Хотя Михаил Врубель причиной называл не это. Словно повторяя мотивы, гнавшие его, восемнадцатилетнего, «подальше от этой Одессы» с ее «коммерческо-индифферентным взглядом на все», он говорил, что одесская жизнь им с Серовым не понравилась (Серов почти сразу после отъезда Врубеля уехал в Москву), поскольку «коммерческие интересы поглощали все внимание местного общества, а нам хотелось жить там, где выше их стоят художественные интересы». Скрывал истинные основания жажды вернуться в Киев? Какие уж такие высокие художественные интересы могли отличать тамошнюю жизнь?

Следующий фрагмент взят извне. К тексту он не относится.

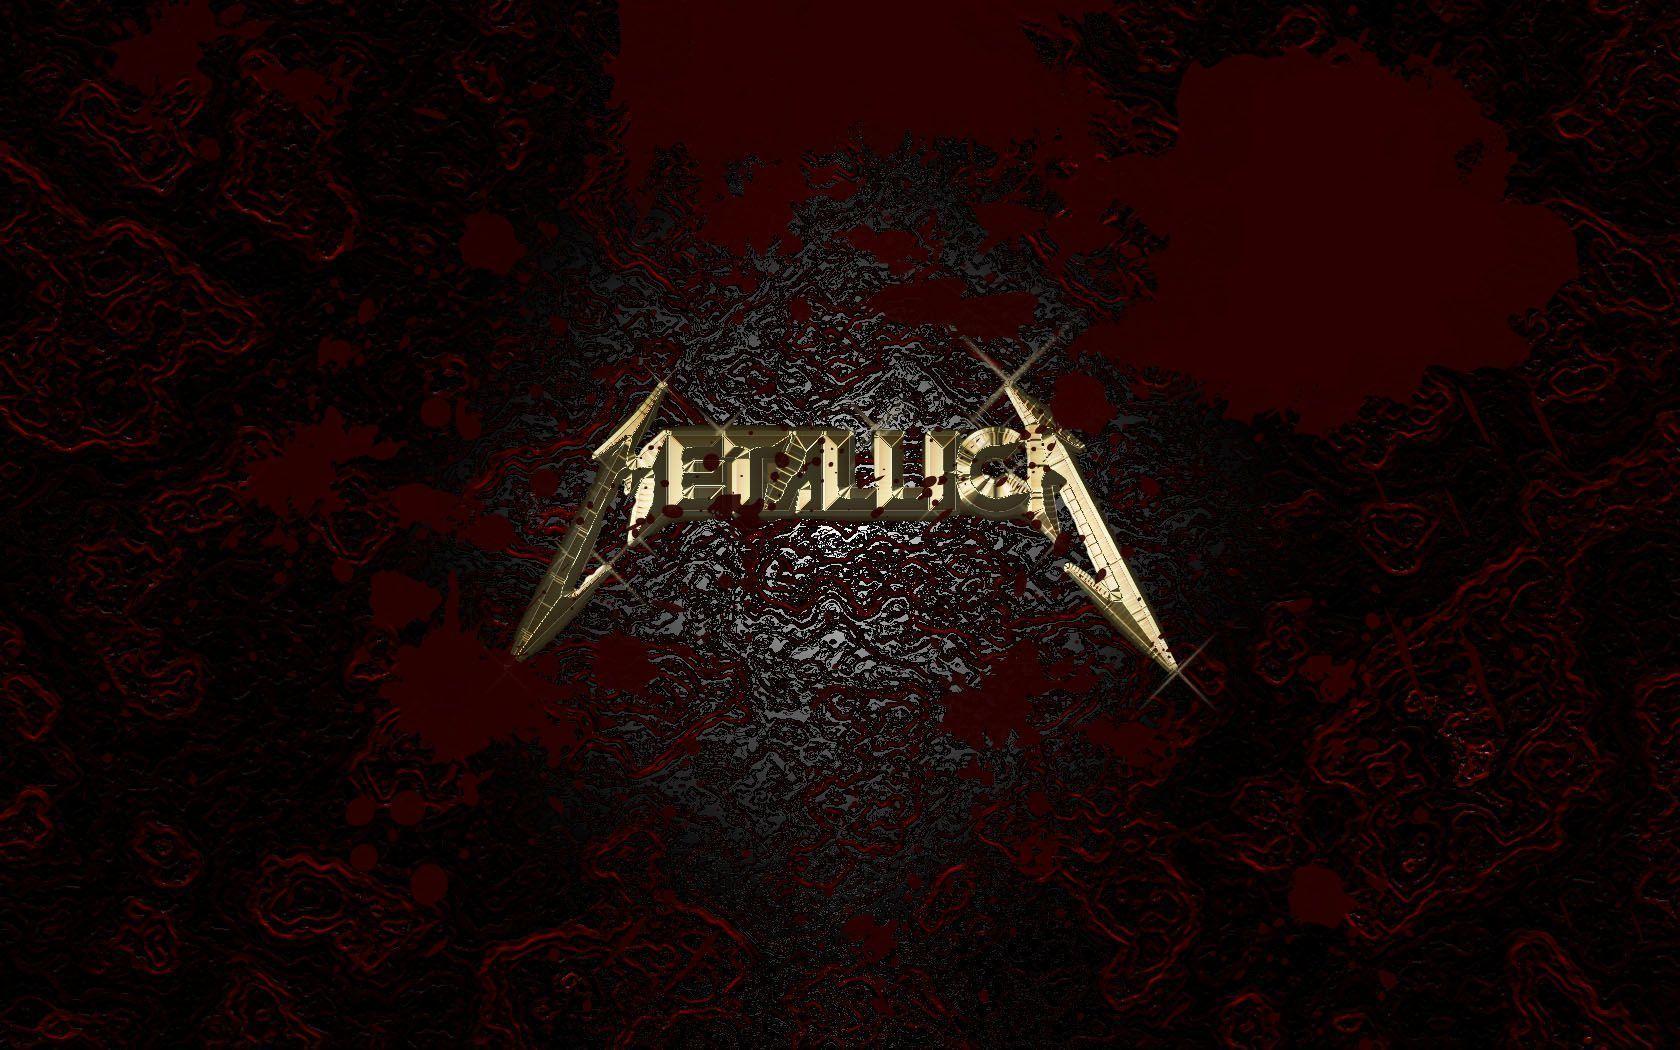 Metallica Logo Wallpaper/Image,Metallica Pictures/Desktop

«Тихий, широко разбросанный, не особенно многолюдный провинциальный город, — описывает Киев 1880-х годов киевлянин Яремич. — Повсюду роскошные сады и среди них в пышной зелени уютные дома-особняки». Быт состоятельных граждан, среди которых встречались «люди симпатичные, радушные и даже с задатками меценатства», еще по сути помещичий, барский. В той атмосфере «Киева как центра общественной мысли еще не существовало». Пульс интеллектуальных интересов несколько живее бился в профессорской среде. Возбужденные планами возрождения древних киевских храмов ученые умы Университета Святого Владимира и Киевской духовной академии «изощрялись в разрешении вопросов метафизики, истории, археологии», хотя «умствовали на такие темы осторожно, не рискуя зацепиться за рогатки тогдашней цензуры». Градус внимания собственно к искусству заметно повысился с появлением Прахова, притоком живописцев для работ под его началом и постоянным обсуждением творческих задач в его салоне…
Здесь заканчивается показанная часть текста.